Saya pulang malam ini. malam pertama setelah sholat ied. jadi, saya lebaran di Jakarta. tanpa anak saya, tanpa keluarga saya. sendirian. sepi. mencekam. membuat gelisah. saya gak pernah merasa sedingin pagi tadi. ketika dengan langkah pelan saya ambil air wudhu dan mengingat tahun lalu, rekaman pelan datang dalam bentuk mozaik. pecah-pecah dan berhamburan. saya sibuk memungutinya satu-satu, seakan tak rela meninggalkan sedetik kenangan tahun lalu. sesuatu yang ternyata tetap tak mampu tergantikan oleh apapun.

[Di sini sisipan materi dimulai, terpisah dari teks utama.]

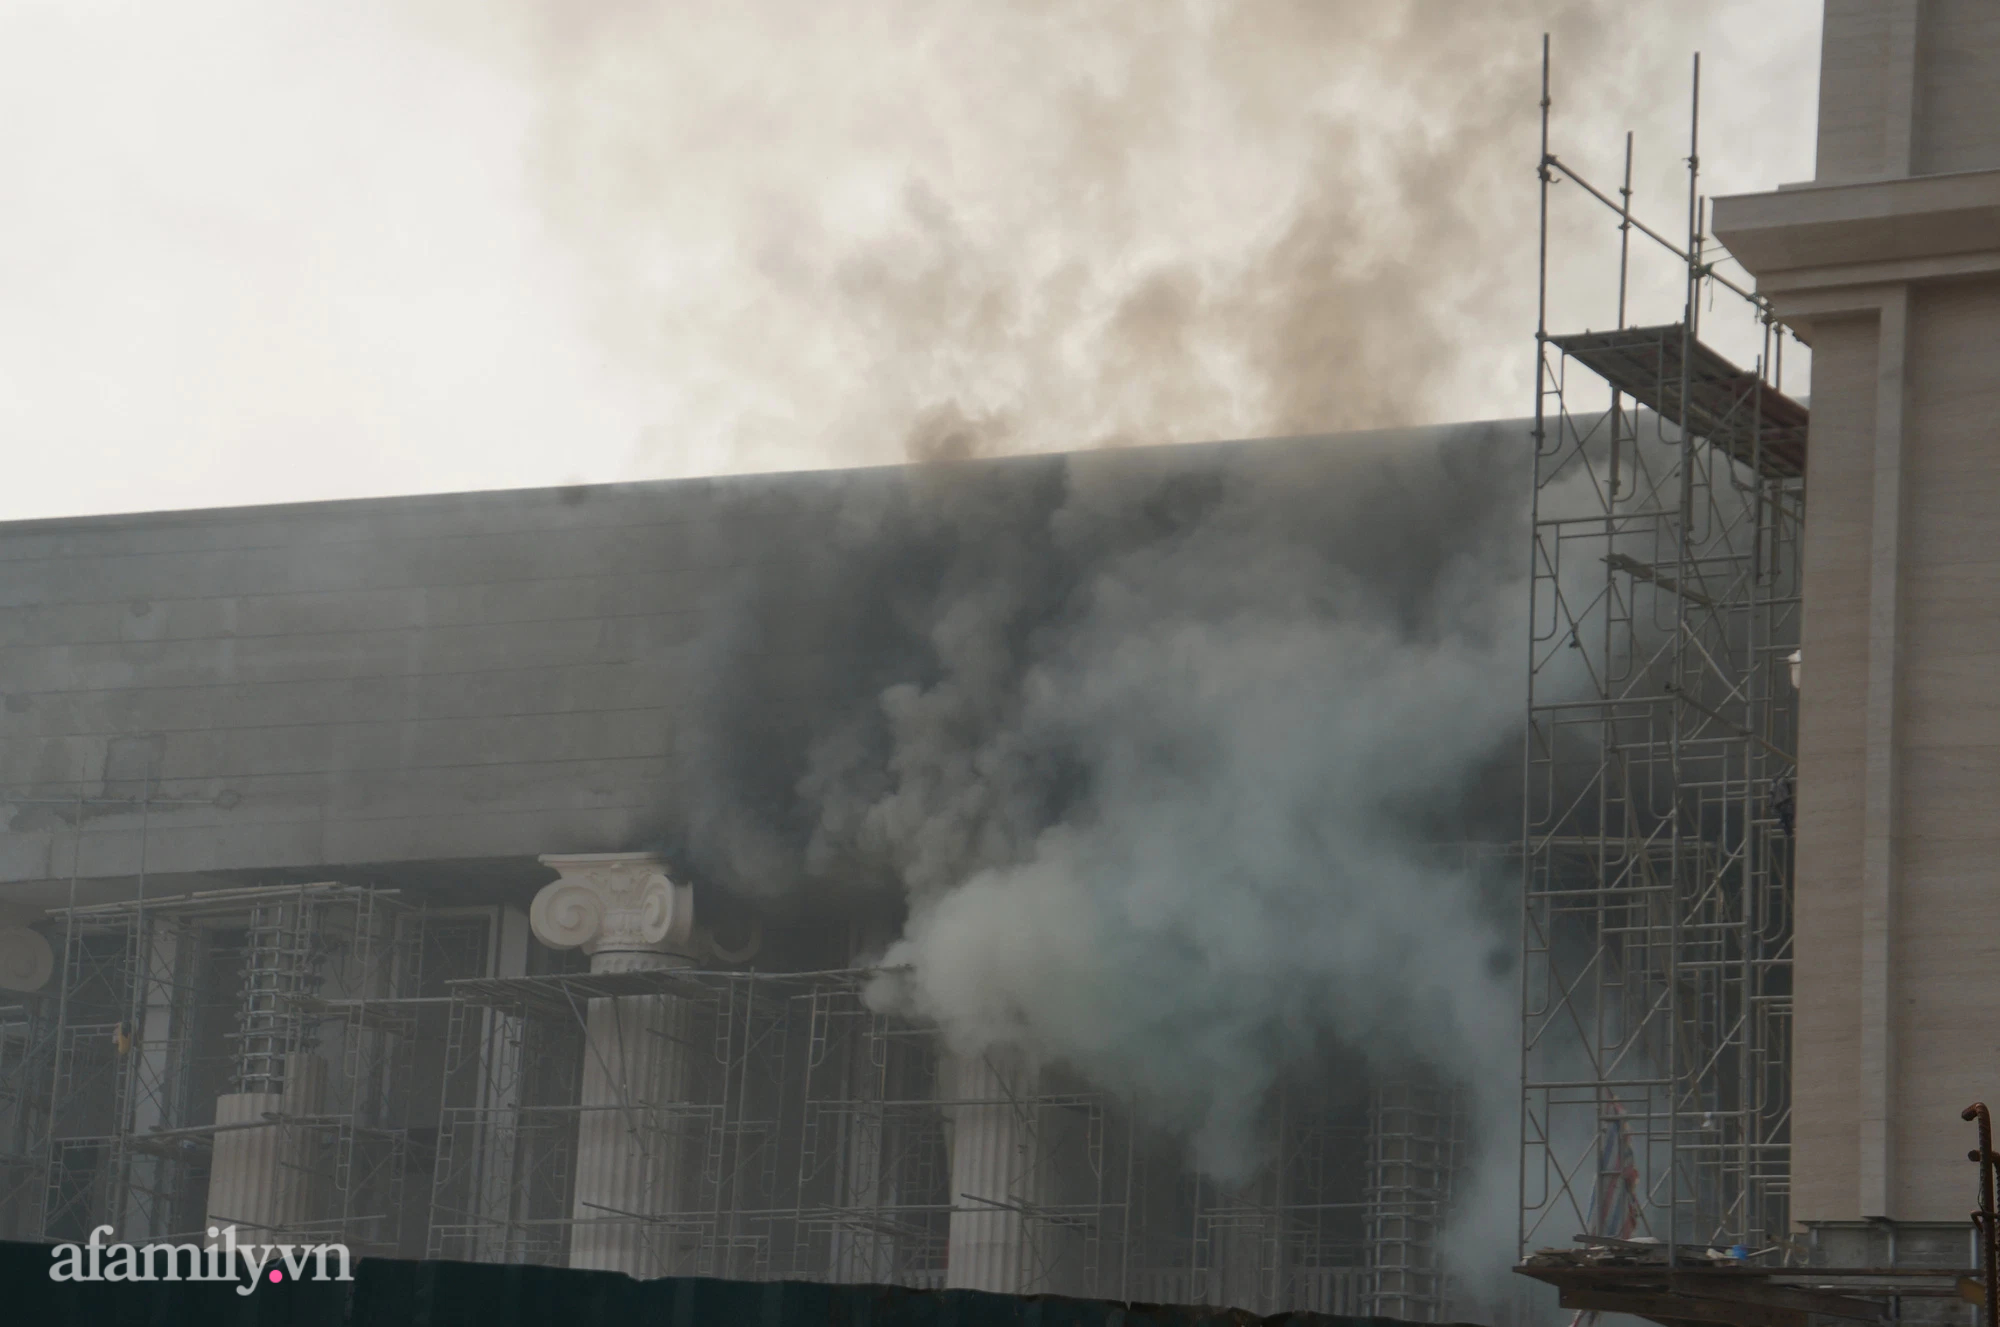 NÓNG: Cháy lớn tại trụ sở Tòa án Nhân dân TP Hà Nội đang xây dựng - ảnh 5

Pagi tadi saya tak hanya menitikkan air mata. tapi berwudhu dengan tangisan. entah mana tetesan air wudu, mana yang tangisan. entah mana kesucian, dan mana yang penyesalan. saya sesenggukan diantara isakan yang nyaris tak terdengar. betapa keluarga telah memberi arti yang begitu dalam tentang makna lebaran. dan saya begitu sepi di sini. tanpa siapapun.

Postingan ini sebenernya udah saya siapkan beberapa hari menjelang lebaran. tapi mendadak hari saya memadat dengan banyak jadwal yang bolong-bolong disana sini. saya terpaksa sementara menafikan paragraf sebelumnya yang sudah terlanjur saya rangkai. pada akhirnya, ini tetap akan terposting meski dengan konsep acakadut tak jelas. tapi inilah subtansi. inilah jalur yang saya lewati beberapa hari belakangan ini. kalau ditanya apa yang saya dapet Ramadhan taun ini, saya cuma bisa geleng-geleng kepala. saya gagap. saya merasa imbisil karna melalui Ramadhan tanpa sesuatu yang istimewa. Sibuk bekerja dan sibuk menelaah perasaan sendiri, sampai merasa biasa ketika melakukan sholat taraweh atau sahur tengah malam. kebiasaan gak tidur saya menambah deretan 'biasa' bagi jelang lebaran kali ini.

Ternyata sepi itu gak enak. saya ingin pulang. secepatnya.